[Data records]
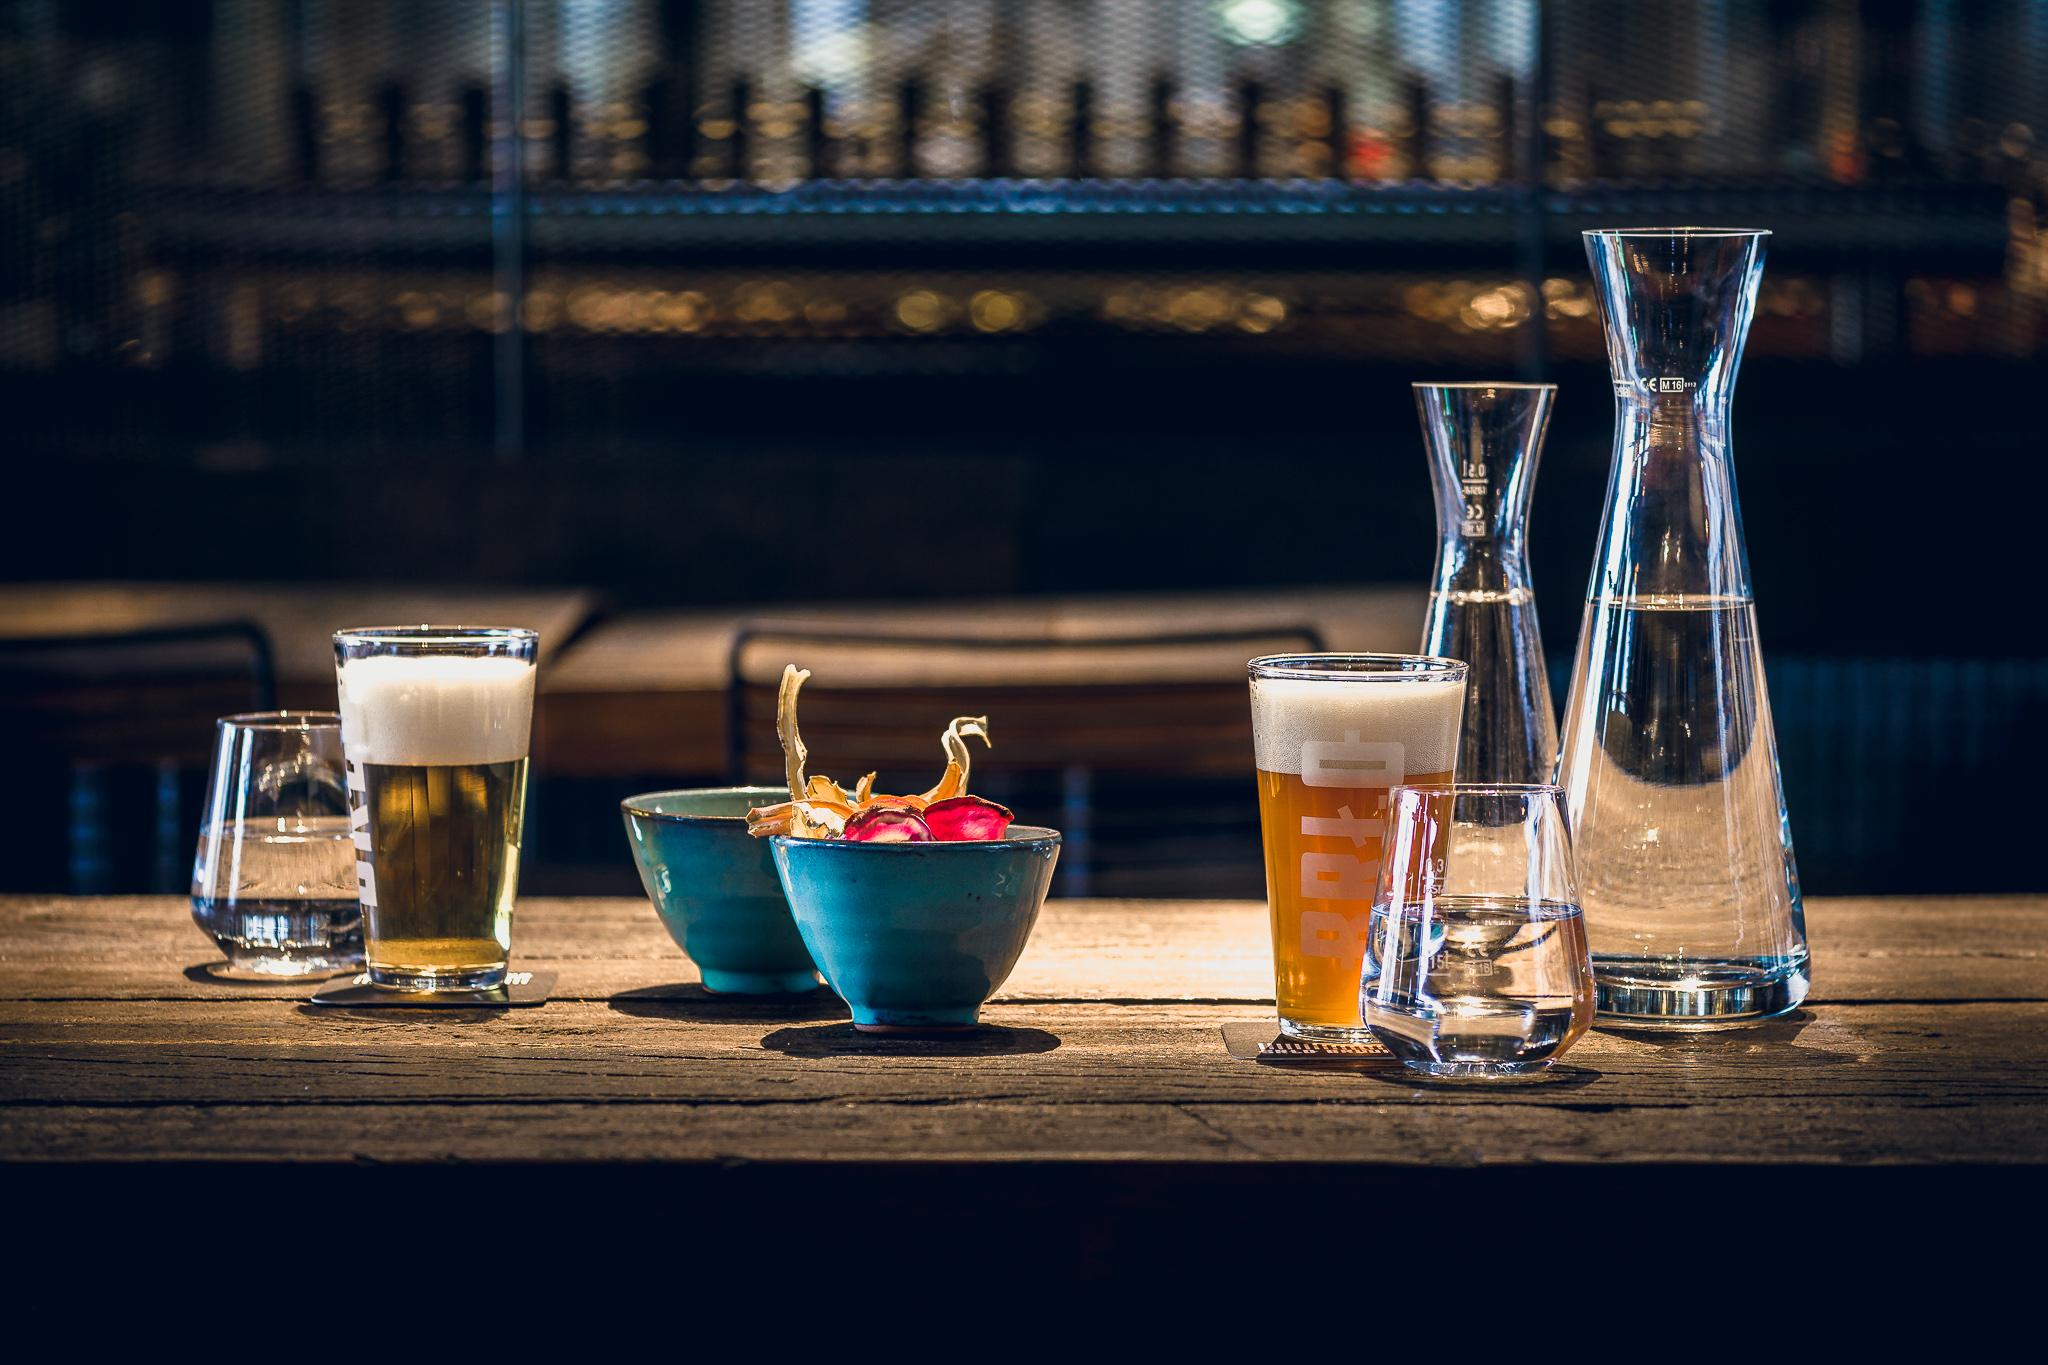 Ein von BRLO Brwhouse gedeckter Tisch mit Bier im Glas, Wasser und gesunden Snacks
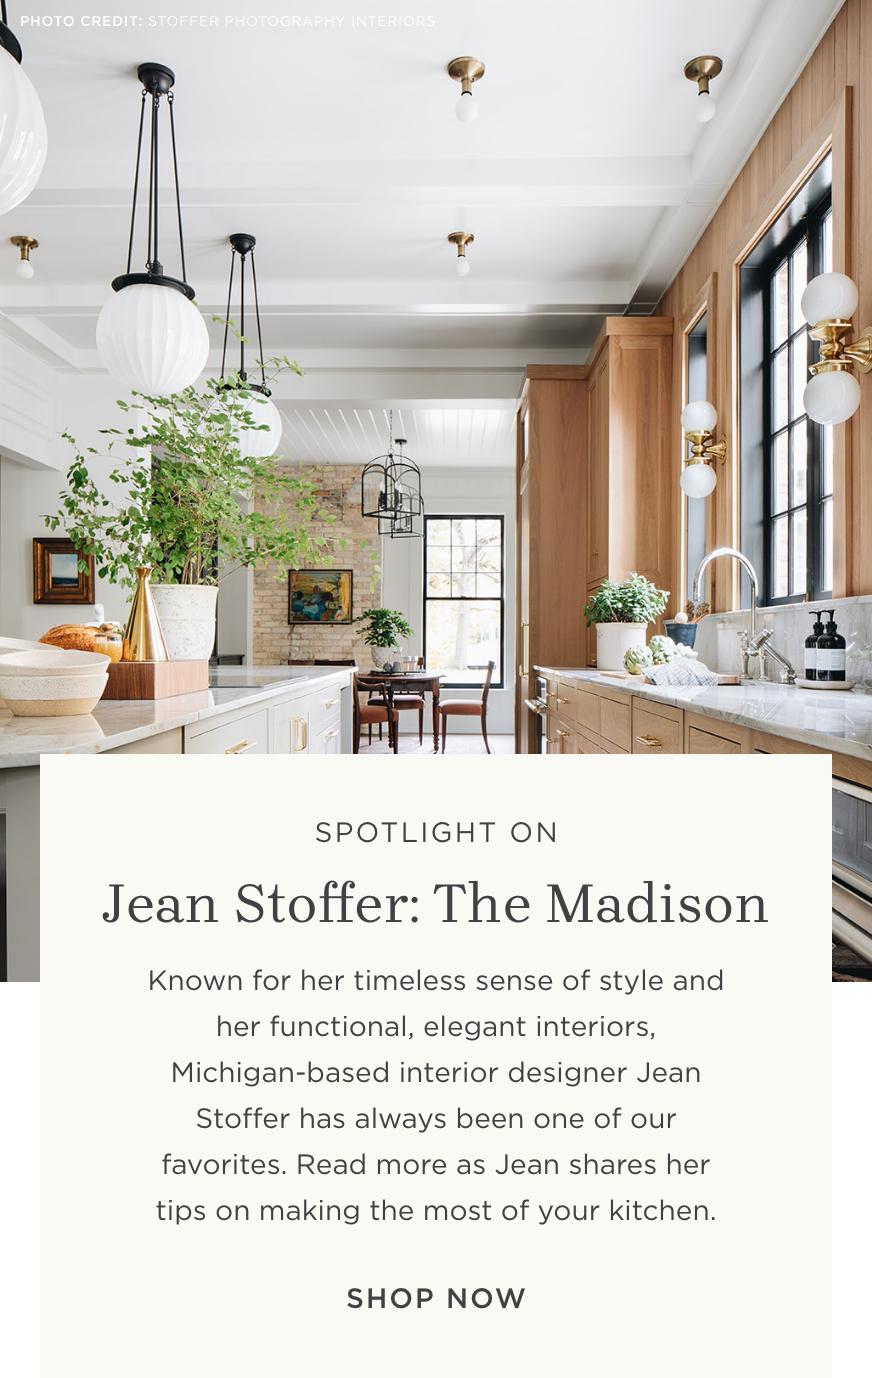 Spotlight on: Jean Stoffer
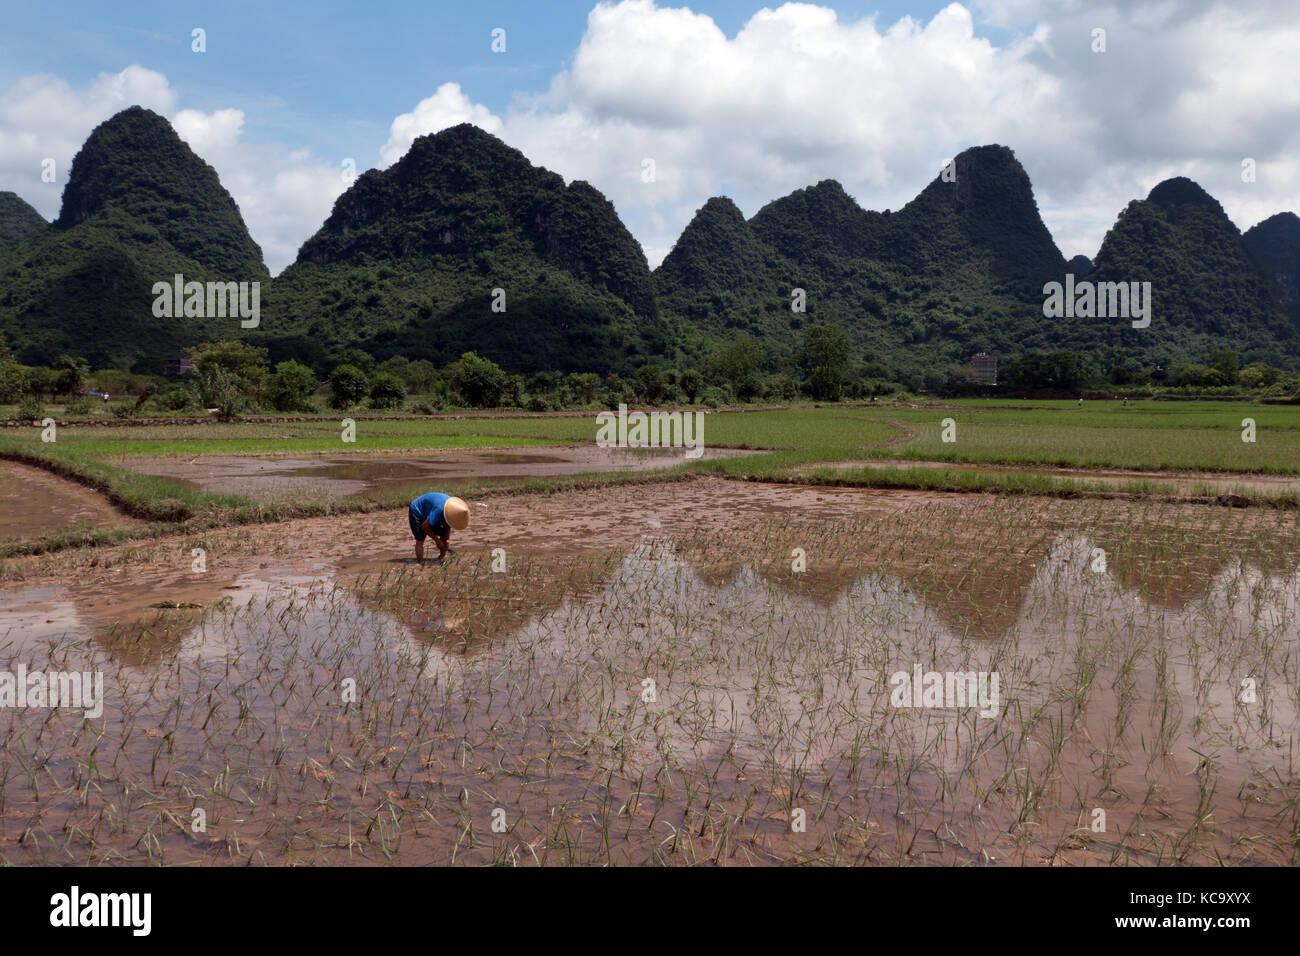 Mann bei der Arbeit als Bauer im Reisfeld, pflanzen Reis pflanzen in Yangshuo Landschaft, Guangxi, China, Asien. Stockfoto
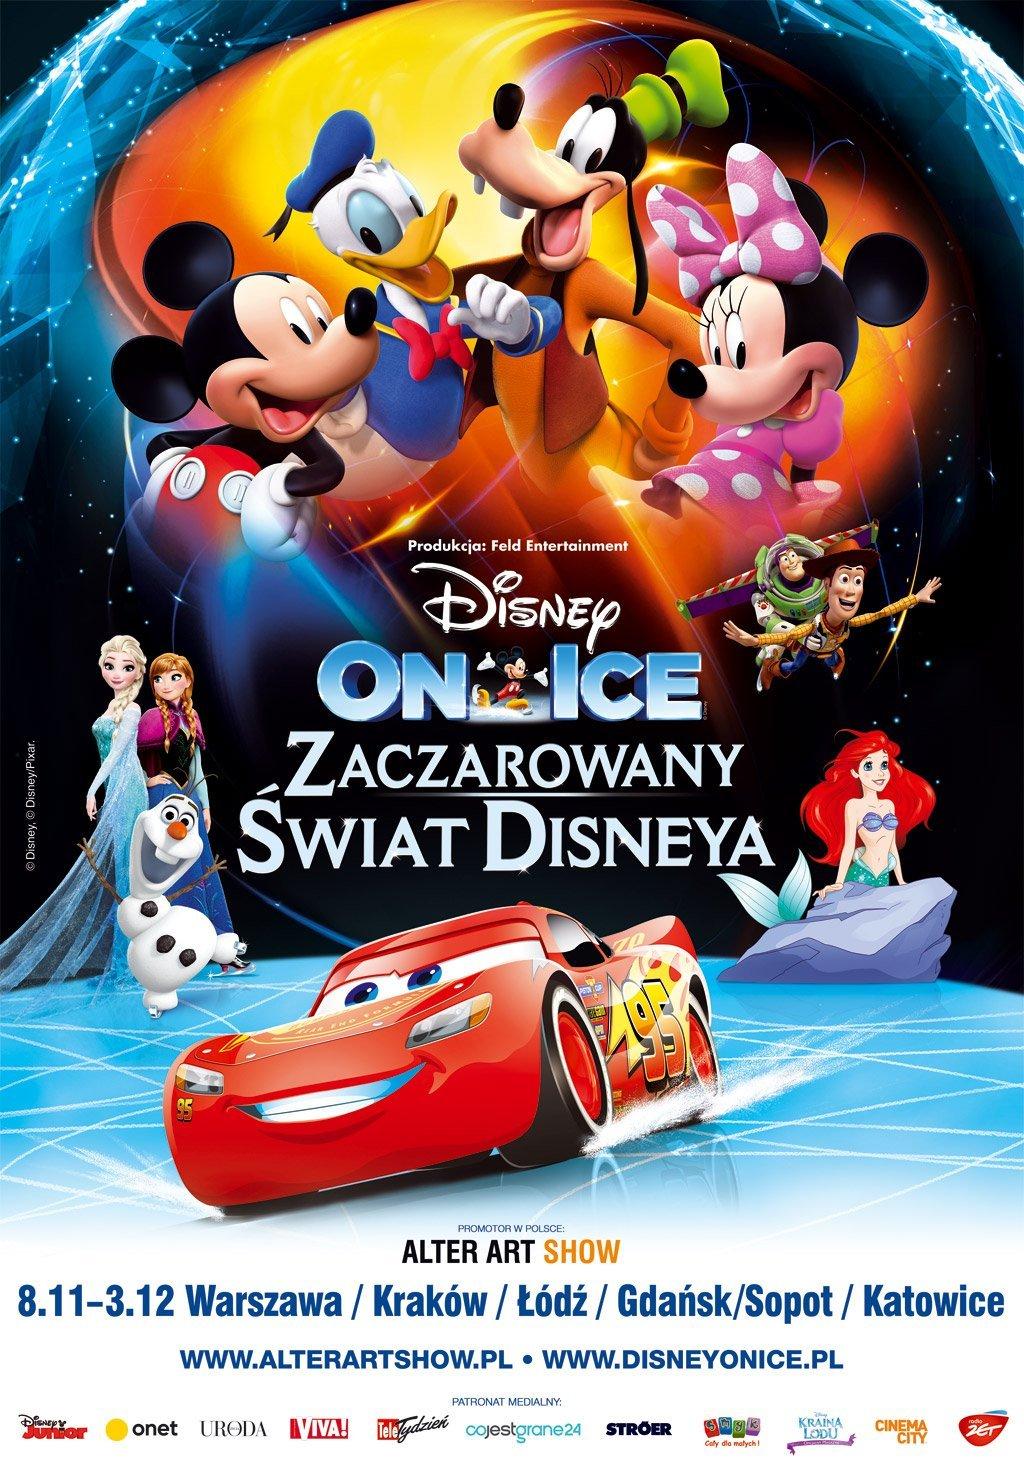 Disney On Ice Prezentuje Zaczarowany świat Disneya W Kilku Polskich
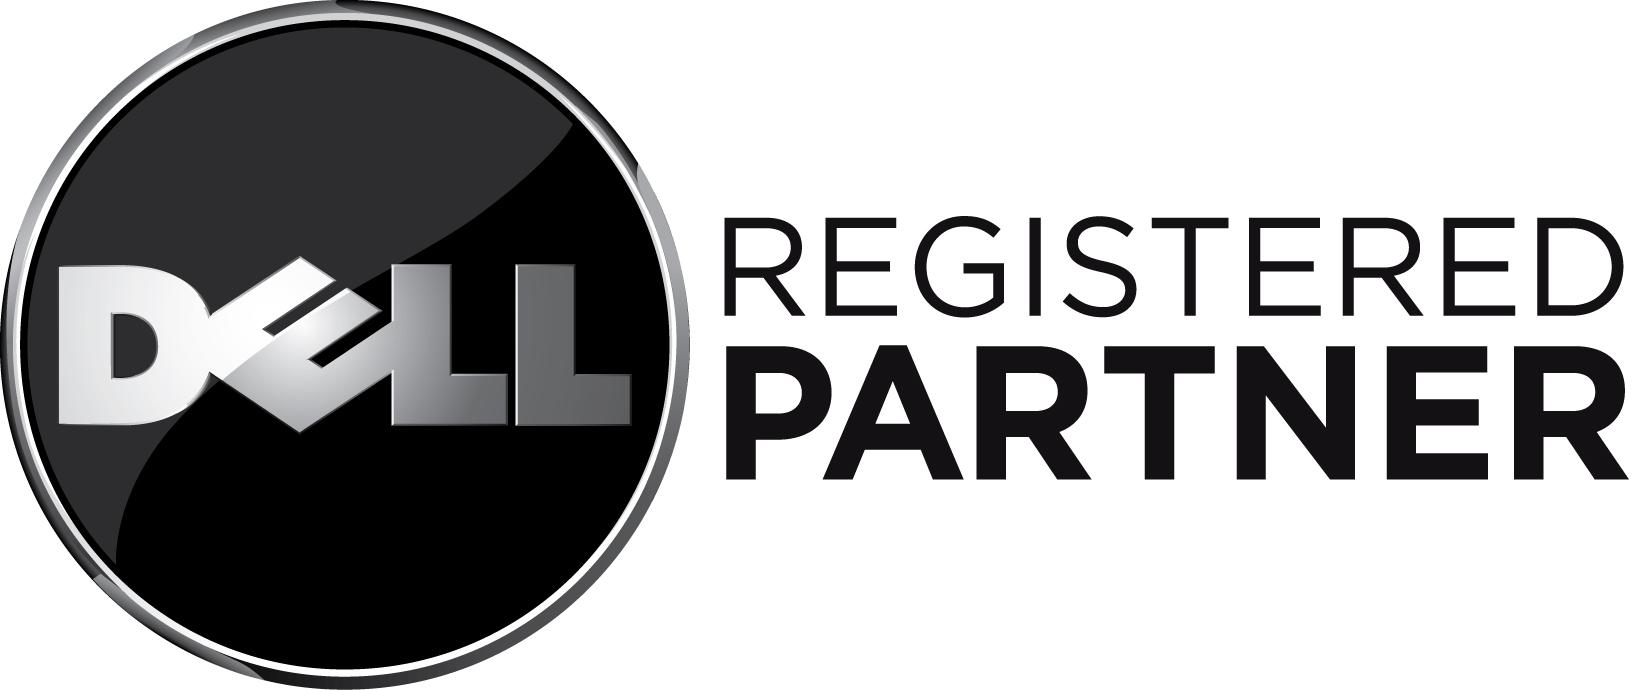 Dell-Registered-Partner-logo.jpg

▶ _Task_: Could the entries above be printed again exactly, apart from the pictures?

▶ _Finished exercise_:
 Ein von BRLO Brwhouse gedeckter Tisch mit Bier im Glas, Wasser und gesunden Snacks
 Spotlight on: Jean Stoffer
 Mann bei der Arbeit als Bauer im Reisfeld, pflanzen Reis pflanzen in Yangshuo Landschaft, Guangxi, China, Asien. Stockfoto
 Disney On Ice Prezentuje Zaczarowany świat Disneya W Kilku Polskich
 Dell-Registered-Partner-logo.jpg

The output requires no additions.